Ryan was very professional and pleasant and we were pleased with his assessment and overall presentation as a professional.

However we will not be engaging with your company.

For small projects I rarely ask for a bid. Mostly I go cost-plus. Less paperwork for the contractor, less oops pricing for me. I got a new 200 amp house electrical panel for $780 that way, including permits and a couple hours of electrician time to install it.

 

[Larry Caldwell]

Good advice, as always, Peter! But do note that my 35 kW number is steady state, without considering surge/inrush of each appliance, which could easily be 100 kW for a brief few seconds immediately following a long outage without load management.

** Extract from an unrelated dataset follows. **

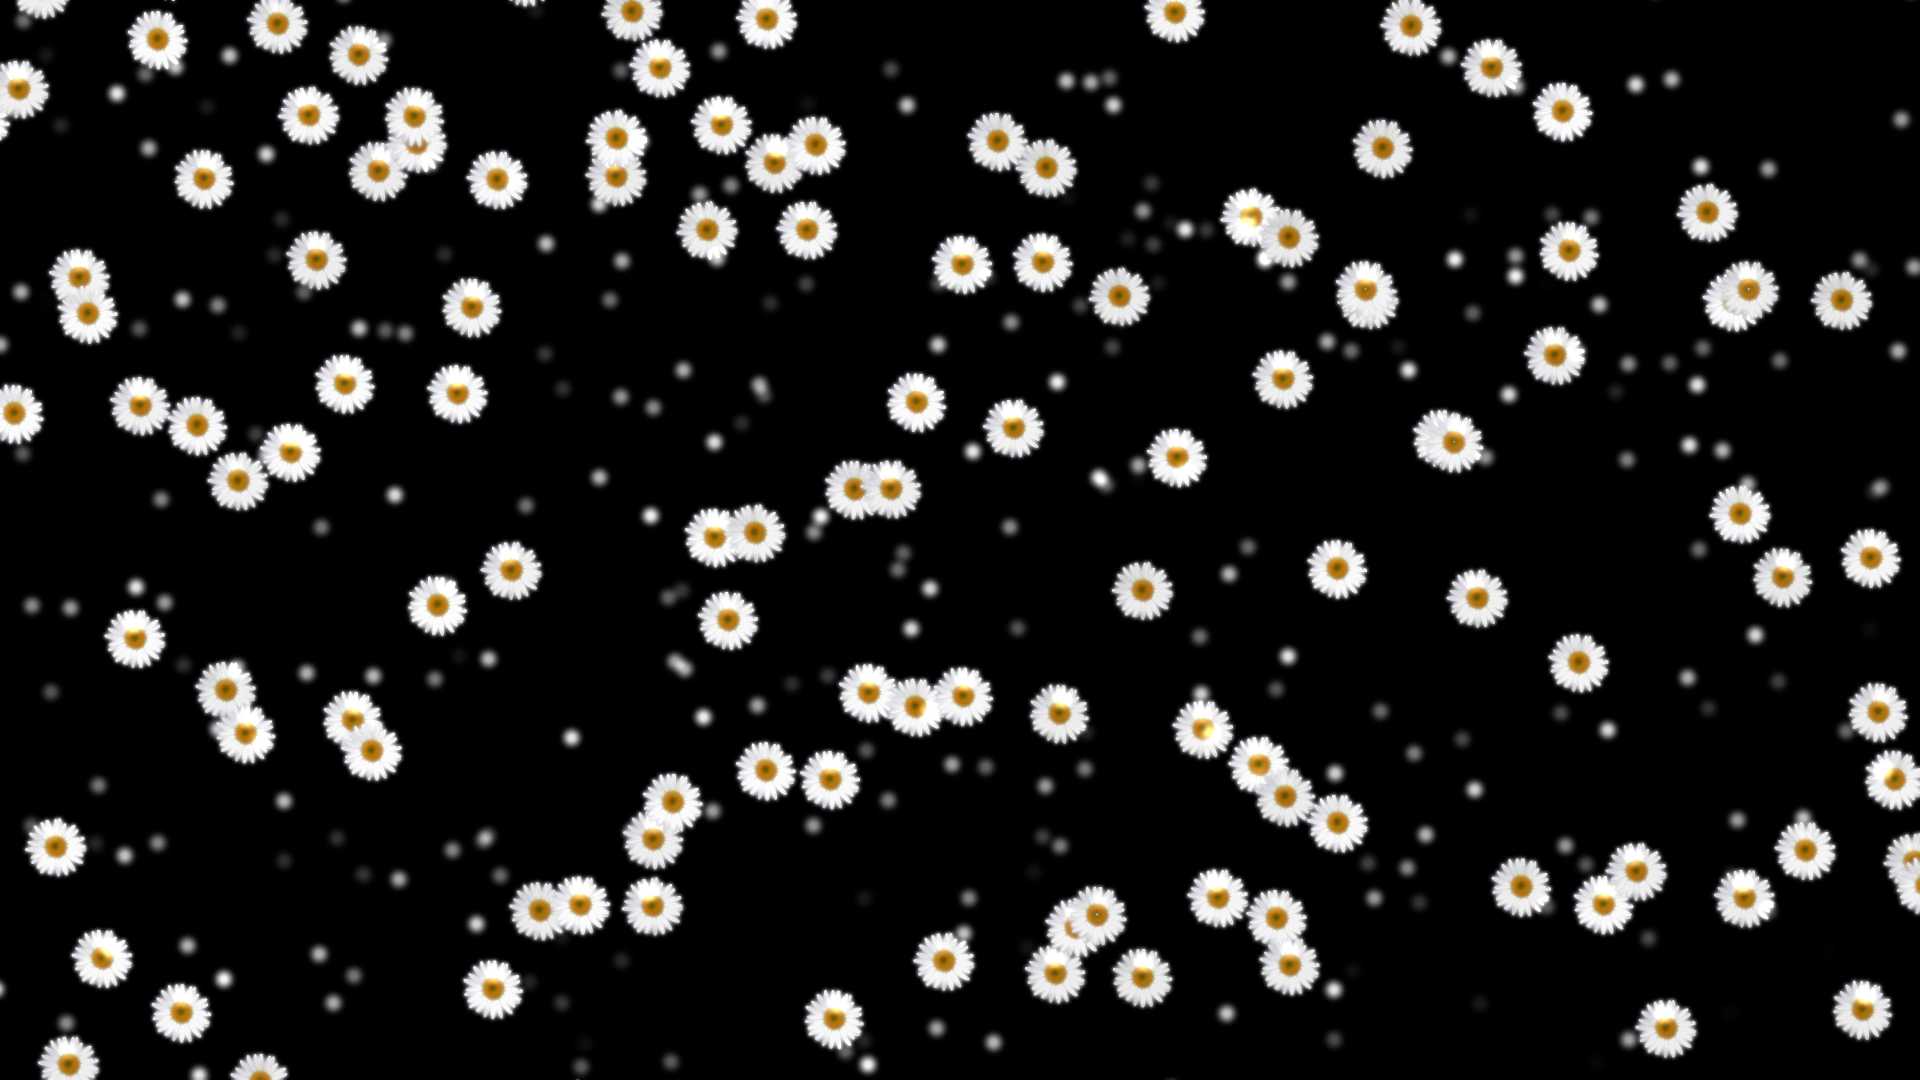 4K Floating Daisy Flowers Overlay Effect Free Download || Overlay Effect For Editing

Simply put, I summed the steady-state draw of each appliance, in calculating that load. Add maybe 4 kW for lighting, computers, TV's, refrigerators... we're likely at 35 kW max steady state, if all HVAC's, pool heater, well pump and shop air compressor run at the same time. Heck, now that I think of it, I didn't even include kitchen range (10 kW?) or microwave ovens (2x 1.5 kW?). Now we're at 45 kW.

The scenario of all AC compressors, refrigerators, pool heater, and air compressor running simultaneously for minutes or an hour is very likely, immediately following any extended outage. Although with our goal being the avoidance of extended outages, I guess all of those large loads may never run concurrently under normal circumstances.

145 amps? I don't think so.

 

[WinterDeere]

145 amps? I don't think so.

Yeah... there's the rub. I guess the tech just hasn't caught up with reality, yet. Every house in my neighborhood has at least 400A supply, I'm just lucky I have an older house that's still run on oil and wood, rather than electric heat.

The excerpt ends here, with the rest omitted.